Some Code Examples for the "User"

Razor which chooses a sub-view depending on the auto-detected edition

@RenderPage(@Polymorph.Edition + "/_gallery.cshtml")

Razor which switches between colors based on auto-detected edition

<link href="@Polymorph.Part("design")/StyleSheet.css" rel="stylesheet" type="text/css">

JSON Config Simple Example

This example assumes the all default mechanisms, which is cookie detection using the default cookie name, based on portal and skin name:

{
  "polymorph": {
    "names": "live,staging"
  }
}

JSON Config More Control (Work in progress)

This example assumes the all default mechanisms, but different parts which have more different bits

{
  "polymorph": {
    "live": {
      "folder": "live/",
      "logo": "blue.jpg",
     }, 
    "staging": {
      "folder": "staging/",
      "logo": "red.jpg"
     }
  }
}

JSON Config Detection Type (Work in progress)
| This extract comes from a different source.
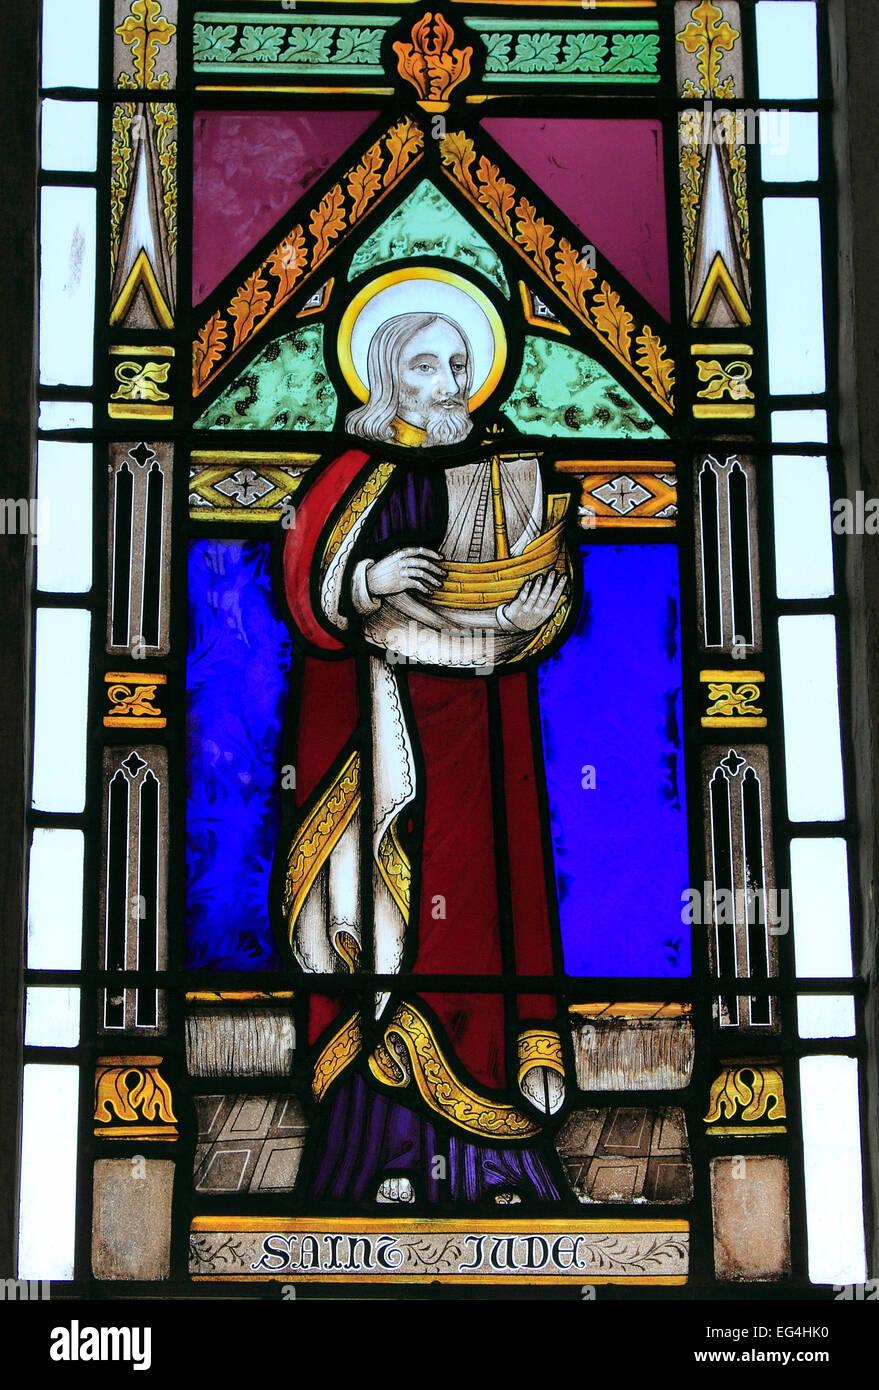 St. Jude, stained glass window, by Joseph Grant, c. 1855 Wighton, Norfolk England UK saint saints - Stock Image

This example assumes that both a special cookie, or a user-property defines what should be shown.

{
  "polymorph": {
    "detection": {
      "cookie": "simulate-membership",
      "userprofile": {
        "field": "Member",
        "map": [
          "customer": "premium"
        ]
      }
    },
    "default": {
      "folder": "default/",
     }, 
    "premium": {
      "folder": "premium/",
     }
  }
}
Tychodewaard commented 5 years ago

Sounds like a great idea! And if it would cover 1 more scenario (and I think it could be) it would full the gap between DNN and commercial software. I mean personalization and/or marketing automation. I was triggered by the cookie-concept. First stage: if I know what cookie to look for, I can offer a different user experience (look&feel, order etc) than visitors without that cookie. Second stage: cookie management / rule management. An interface for marketeers that would allow to add/edit rule like 'Person who visited page A, should get module B on the homepage'

Not trying to slip in features which are monster projects in itself but confirming my enthusiasm :-)

iJungleboy commented 5 years ago

@Tychodewaard absolutely agree. That would be a separate project/product, but totally agree - that's a real use case. Could be triggered through cookie, or user-profile etc.